Bu Nia selalu menggerakkan rekan-rekan guru sejawatnya untuk melakukan perubahan-perubahan kecil yang lebih baik setiap harinya. Terutama dalam mengembangkan potensi murid melalui kegiatan belajar di sekolah. Dalam menggerakkan rekan guru, Bu Nia tidak hanya berteori saja. Namun beliau selalu melakukan melakukan aksi-aksi nyata yang berdampak.
Apakah mudah menggerakkan rekan guru sejawat untuk melakukan perubahan? Tidak kawan. Menggerakkan orang dewasa meskipun seprofesi tidak semudah menggerakkan anak-anak atau murid. Bu Nia perlu memiliki kemampuan yang baik tentang management sumber daya manusia. Selain itu beliau juga perlu menunjukkan karya nyata atau ide spektakulernya untuk membuat orang lain merasa tidak nyaman jika tidak mengikuti apa-apa yang sedang digerakkan oleh beliau.
Bu Nia bukan sosok ‘Jarkoni’ iso ngajar ora iso nglakoni ( bisa mengajar atau menyampaikan namun tidak bisa mempraktikkan) sebelum menggerakkan rekan gurunya, beliau dulu yang memulainya. Beliau mulai dari hal kecil yang mendasar yang berdampak besar.
Jika kalian berkecimpung di dunia pendidikan, pasti kalian tidak asing dengan rencana pelaksanaan pembelajaran atau biasa disebut dengan RPP. Dari zaman saya kuliah S1,sampai S2 belum pernah rasanya diperlihatkan seperti apa sih RPP yang ideal itu.
Meski pada dasarnya tidak ada patokan idealnya, namun Bu Nia Sang Guru yang luar biasa ini kembali membuat semua orang berdecak kagum. Ide briliannya sangat memukau. Beliau mampu menuangkan RPP dalam satu lembar dengan komponen-komponen yang ringkas namun efektif.
Saat itu memang sedang hangat-hangatnya pembahasan konsep kurikulum merdeka belajar yang digagas oleh Nadiem Makarim sebagai MendikBud. Salah satu dampak dari konsep kurikulun merdeka adalah penyederhanaan RPP, yang awalnya belasan bahkan puluhan lembar diringkas menjadi 1 halaman.
Pro dan kontra tentang RPP satu halaman terjadi di mana-mana. “He, bagaimana mungkin?”. Biasanya Rpp halamannya banyak, isinya rigid dan detail. Kok bisa Cuma satu halaman? Contohnya seperti apa juga belum jelas. Diberbagai tempat dan kesempatan, saya dan para guru yang lain sibuk membicarakan RPP satu lembar. Di kantor guru, di kelas, bahkan di kedai kopi sekalipun, bicara tentang RPP satu halaman. Bahkan guru-guru Se Indonesia juga membicarakan tentang hal serupa.

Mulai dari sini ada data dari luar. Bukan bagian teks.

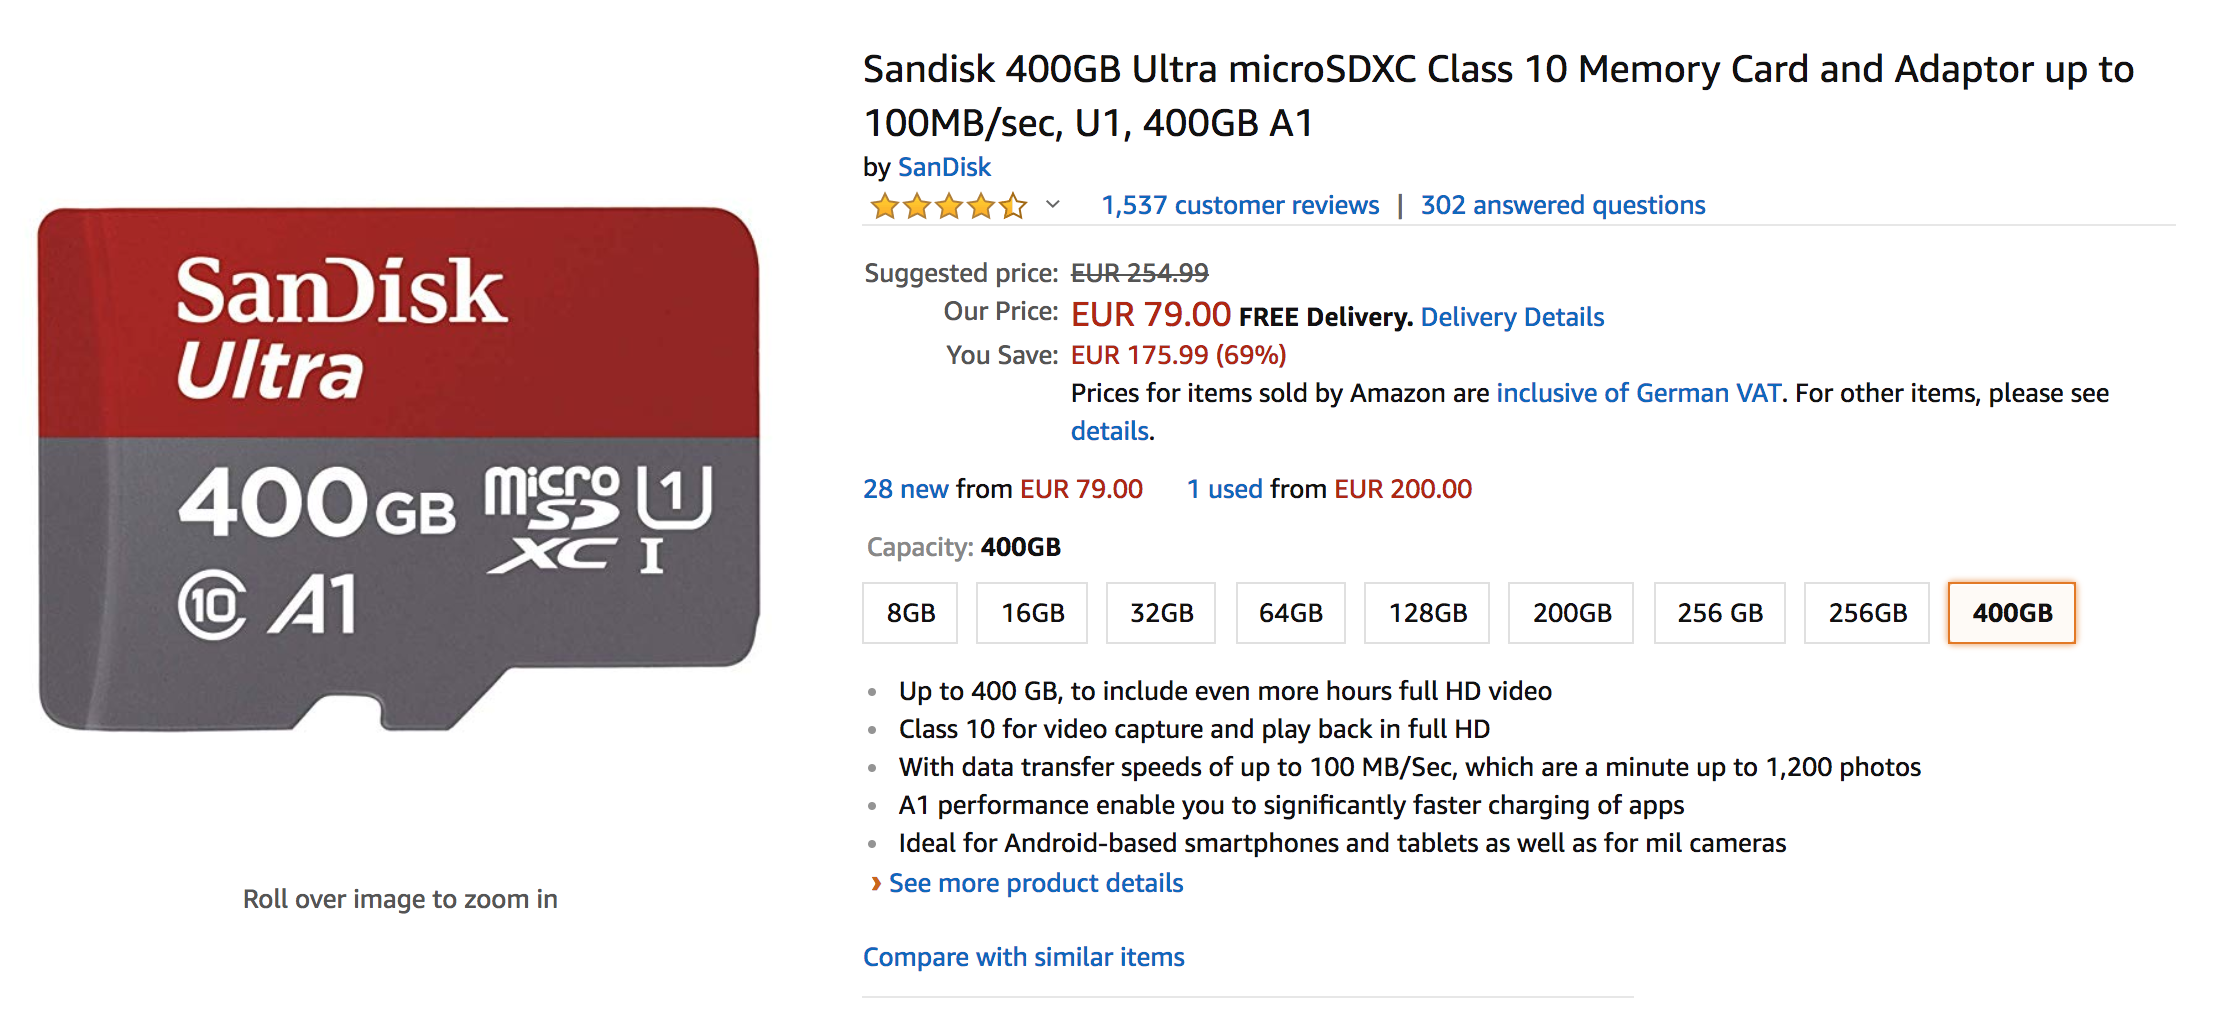 Sandisk 400GB Ultra microSDXC Class 10 Memory Card

Yah itulah bedanya, kami sibuk bicara hujat sana hujat sini. Namun beliau sibuk bekerja dan melakukan perubahan hingga menghasilkan sesuatu yang mungkin belum terpikirkan oleh orang lain.
Rancangan RPP beliau membuat rekan guru sejawat menjadi bungkam. Saat dipresentasikan di depan pengawas, RPP made in Bu Nia dianggap sangat menginspirasi. Sehingga layak dijadikan contoh dan acuan bagi sekolah-sekolah lain. Bahkan menurut Ibu Pengawas, tidak berlebihan jika suatu saat beliau diundang di acara televisi sebagai penemu komponen RPP satu lembar yang paling efektif.
Ibu pengawas sekolah kami menjadikan Rpp made in Bu Nia ke sekolah-sekolah binaan beliau. Bahkan dibawa juga ke kementrian pendidikan. Nah hal-hal seperti ini nih, yang luput dari media untuk menyiarkan atau mempublish sesuatu yang berasal dari guru kota.
Sehingga sosok inspirasi seorang guru, tetap dipegang oleh guru honorer atau guru yang mengabdikan dirinya di daerah terpencil. Padahal untuk menghasilkan ide-ide atau pemikiran-pemikran yang spektakuler memerlukan kerja keras dan pengetahuan yang mumpuni.